Under different values of the ratio of the diameter to buried depth D/h, the circumferential stress component of rock with D = 2.5 m is given in Fig. 12. We can find the magnitude of the circumferential stress component of rock decrease with D/h decrease.

Fig. 12

Circumferential stress with different values D/h at θ = 90°

According to the strength theory, the failure is most likely to occur on the inner boundary of rock where the stress component is relatively large. Stress concentration mainly occurs near the hole, and with the increase of E₁, the phenomenon of stress concentration is more obvious. From Figs. 7, 8, 11 and 12, we also found the radical stress component and the tangential stresses component of rock are zero position around 0.8 m and 0.5 m from the ground surface, and it does not change with the elastic modulus of surrounding rock and the buried depth of tunnel.

6 Conclusions

The Stress analytical solution was presented for shallow buried lined circular tunnel under the deformation of surrounding rock inner edge. It was assumed that rock and concrete behaved as isotropic linear elastic materials, and surrounding rock and lining is contact completely.
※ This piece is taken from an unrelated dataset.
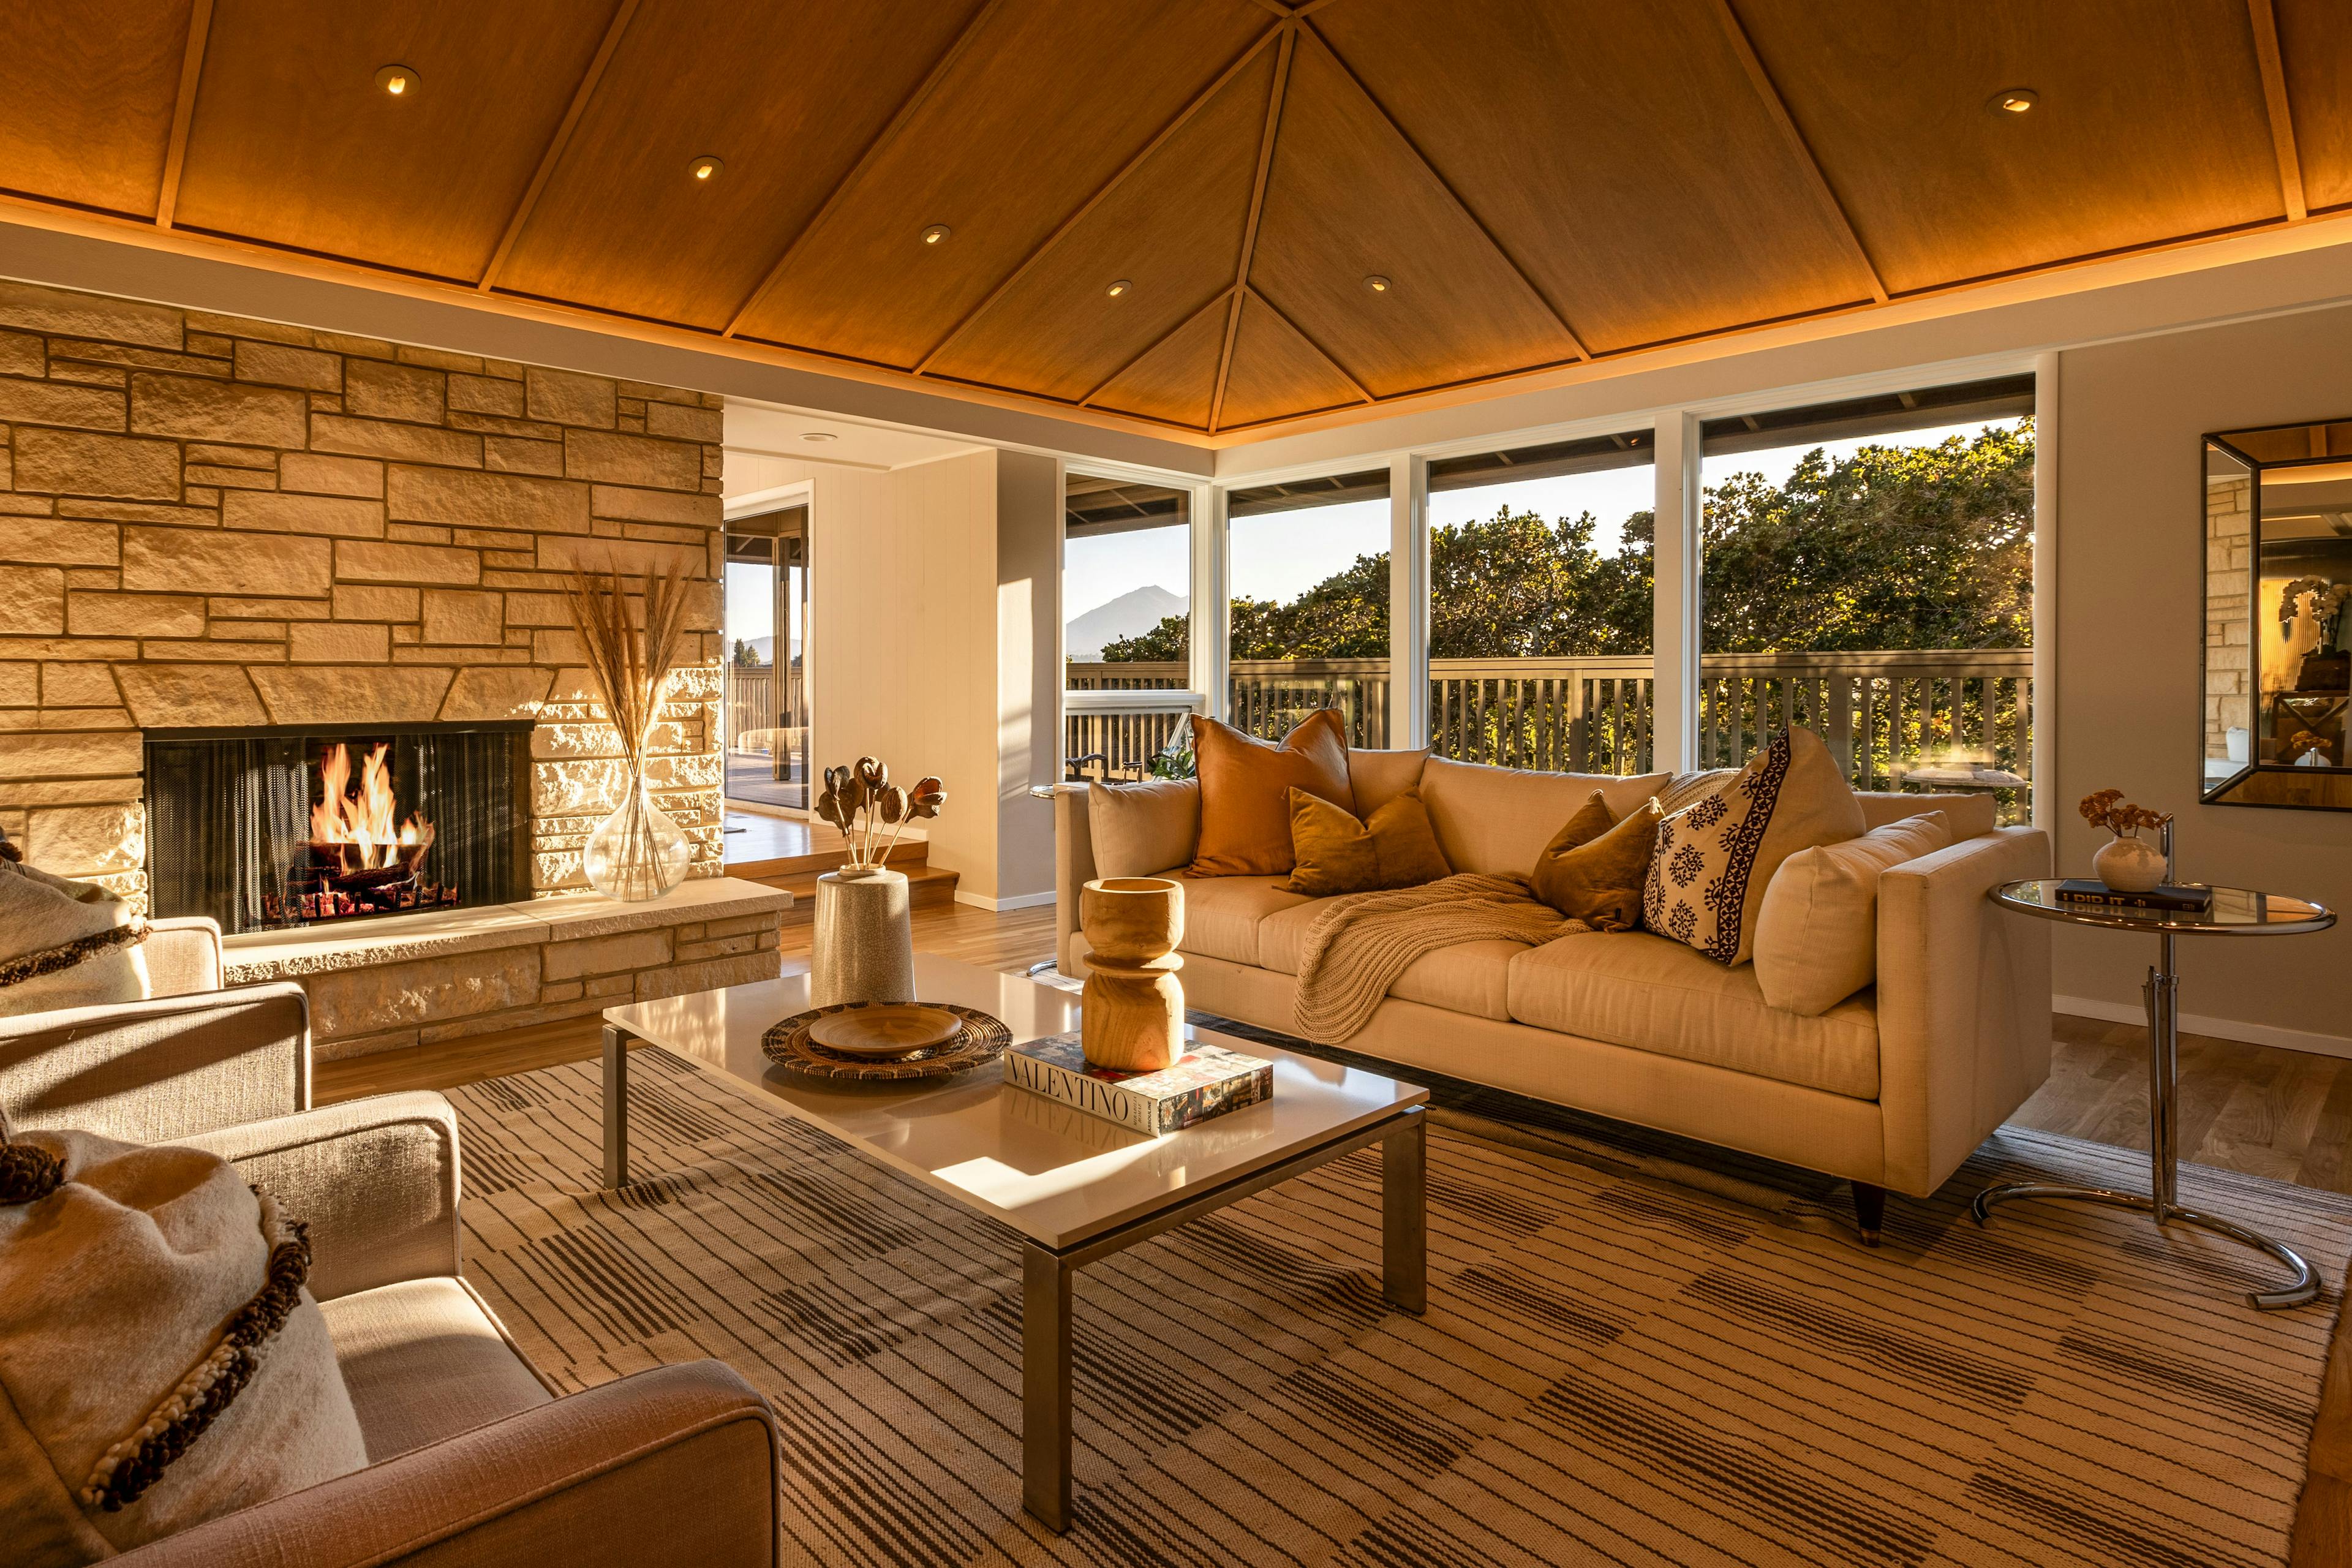 Gorgeous Bay Area views—inside and out!

The stress components were predicted by employing complex potential functions and combined with conformal mapping method.

1. (1)

   The numerical example result shows that by increasing elastic modulus of surrounding rock, the magnitude of stresses component decreases. With the increase of tunnel buried depth, the magnitude of stresses component decreases.

2. (2)

   Stress concentration mainly occurs near the hole, and with the increase of E₁, the phenomenon of stress concentration is more obvious.

3. (3)

   It was found that the stress concentration is gradually dissipating with the distance from the inner of tunnel, and with the increase of E₁, the stress concentration is more obvious.

4. (4)

   We also found the radical stress component and the tangential stresses component of rock is zero position around 0.8 m and 0.5 m from the ground surface, and it does not change with the elastic modulus of surrounding rock and the buried depth of tunnel.